For the latest version of AWS WAF , use the AWS WAFV2 API and see the AWS WAF Developer Guide. With the latest version, AWS WAF has a single set of endpoints for regional and global use.

Contains the Rules that identify the requests that you want to allow, block, or count. In a WebACL, you also specify a default action (ALLOW or BLOCK), and the action for each Rule that you add to a WebACL, for example, block requests from specified IP addresses or block requests from specified referrers. You also associate the WebACL with a Amazon CloudFront distribution to identify the requests that you want AWS WAF to filter. If you add more than one Rule to a WebACL, a request needs to match only one of the specifications to be allowed, blocked, or counted.

Syntax

To declare this entity in your AWS CloudFormation template, use the following syntax:

JSON

{ "Type" : "AWS::WAF::WebACL", "Properties" : { "DefaultAction" : WafAction, "MetricName" : String, "Name" : String, "Rules" : [ ActivatedRule, ... ] } }

YAML

Type: AWS::WAF::WebACL Properties: DefaultAction: WafAction MetricName: String Name: String Rules: - ActivatedRule

Properties

DefaultAction

The action to perform if none of the Rules contained in the WebACL match. The action is specified by the WafAction object.

Required: Yes

Type: WafAction

Update requires: No interruption

MetricName

The name of the metrics for this WebACL. The name can contain only alphanumeric characters (A-Z, a-z, 0-9), with maximum length 128 and minimum length one. It can't contain whitespace or metric names reserved for AWS WAF, including "All" and "Default_Action." You can't change MetricName after you create the WebACL.

Required: Yes

Type: String

Pattern: .*\S.*

Minimum: 1

Maximum: 128

Update requires: Replacement

Name

A friendly name or description of the WebACL. You can't change the name of a WebACL after you create it.

Required: Yes

Type: String

Pattern: .*\S.*

Minimum: 1

Maximum: 128

Update requires: Replacement

Rules

An array that contains the action for each Rule in a WebACL, the priority of the Rule, and the ID of the Rule.

Required: No

Type: Array of ActivatedRule

Update requires: No interruption

Return values

Ref

When you pass the logical ID of this resource to the intrinsic Ref function, Ref returns the resource name, such as 1234a1a-a1b1-12a1-abcd-a123b123456.
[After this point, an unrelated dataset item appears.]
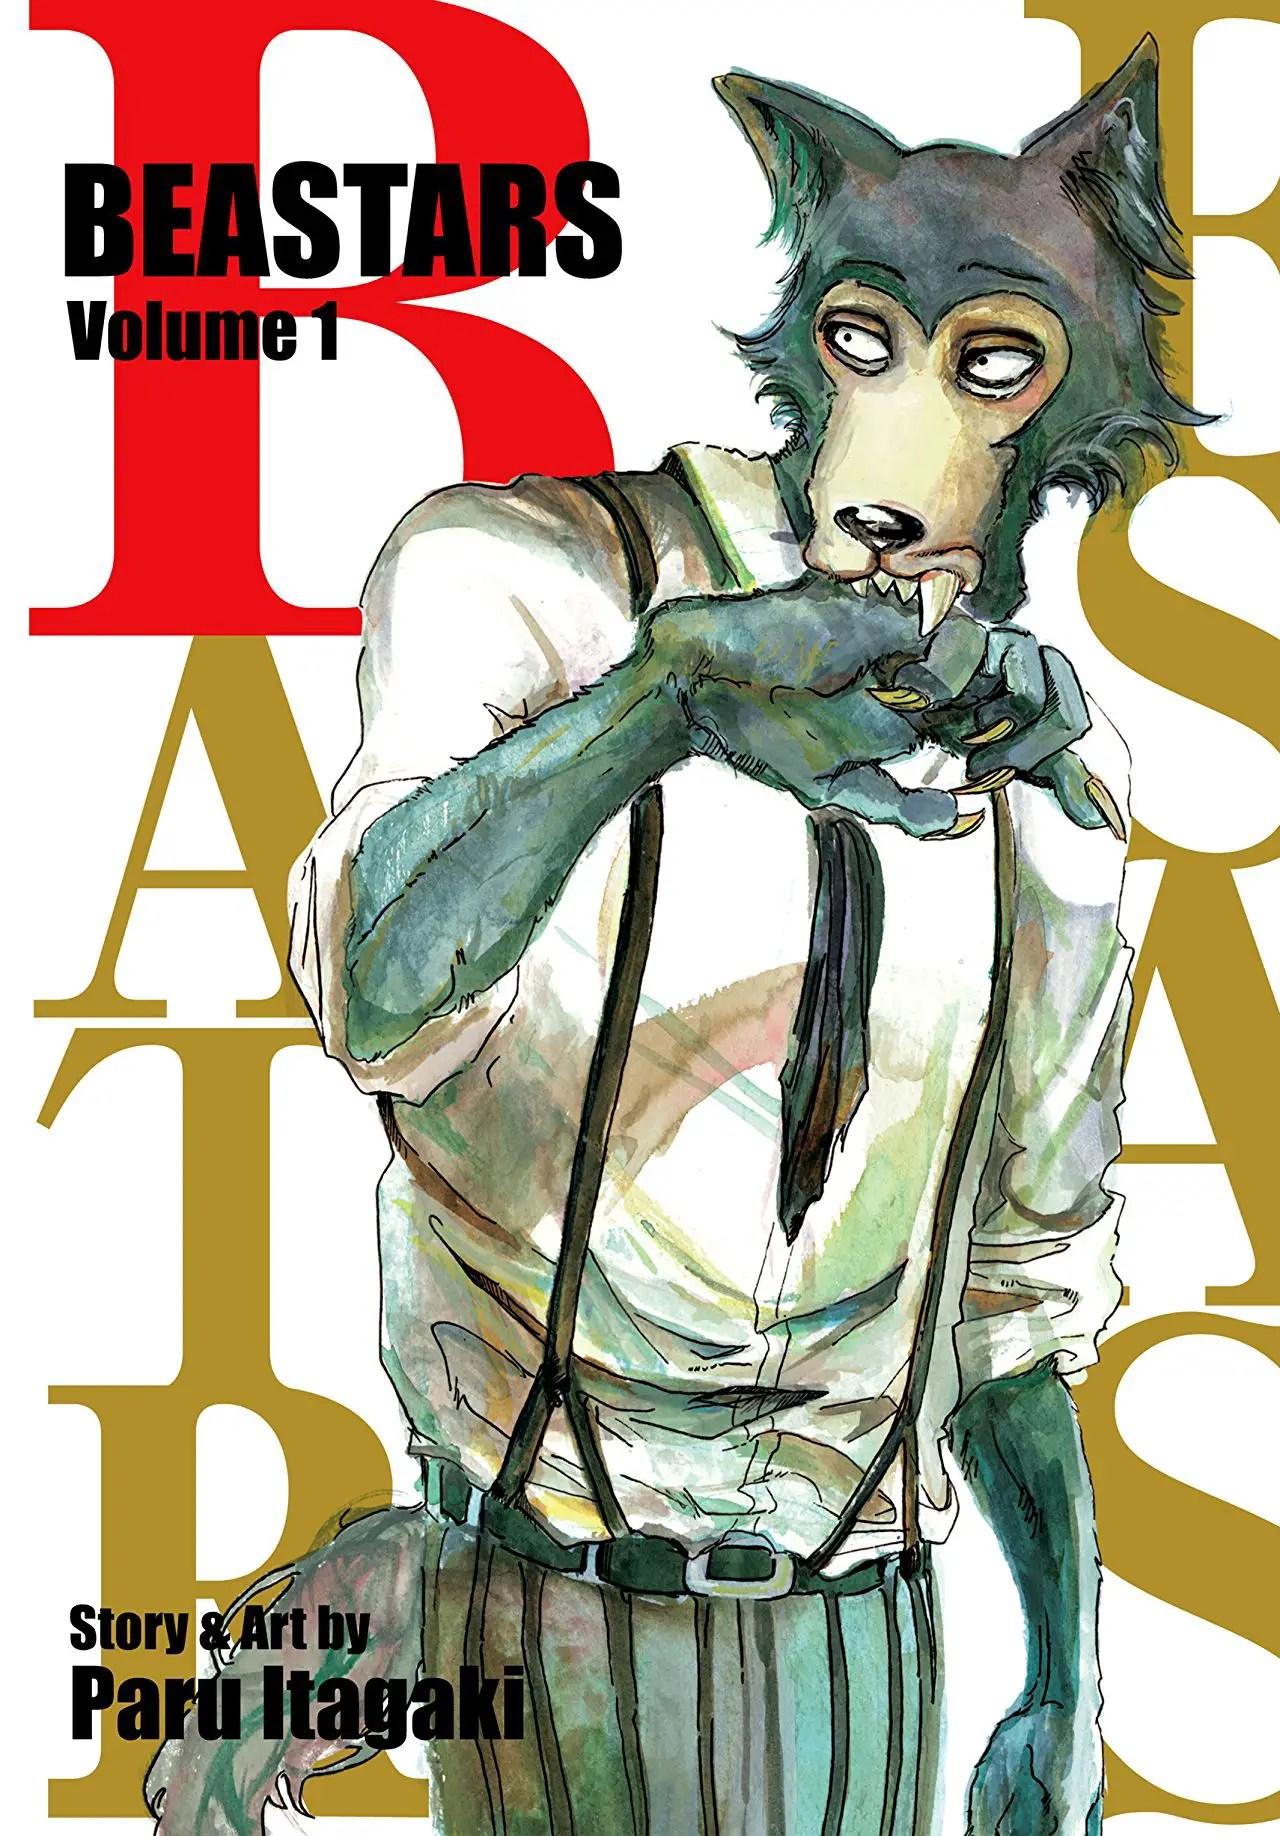 Beastars Vol. 1 Review

For more information about using the Ref function, see Ref.

Fn::GetAtt

Examples

Create a Web ACL

The following example defines a web ACL that allows, by default, any web request. However, if the request matches any rule, AWS WAF blocks the request. AWS WAF evaluates each rule in priority order, starting with the lowest value.

JSON

"MyWebACL": { "Type": "AWS::WAF::WebACL", "Properties": { "Name": "WebACL to with three rules", "DefaultAction": { "Type": "ALLOW" }, "MetricName" : "MyWebACL", "Rules": [ { "Action" : { "Type" : "BLOCK" }, "Priority" : 1, "RuleId" : { "Ref" : "MyRule" } }, { "Action" : { "Type" : "BLOCK" }, "Priority" : 2, "RuleId" : { "Ref" : "BadReferersRule" } }, { "Action" : { "Type" : "BLOCK" }, "Priority" : 3, "RuleId" : { "Ref" : "SqlInjRule" } } ] } }

YAML

MyWebACL: Type: "AWS::WAF::WebACL" Properties: Name: "WebACL to with three rules" DefaultAction: Type: "ALLOW" MetricName: "MyWebACL" Rules: - Action: Type: "BLOCK" Priority: 1 RuleId: Ref: "MyRule" - Action: Type: "BLOCK" Priority: 2 RuleId: Ref: "BadReferersRule" - Action: Type: "BLOCK" Priority: 3 RuleId: Ref: "SqlInjRule"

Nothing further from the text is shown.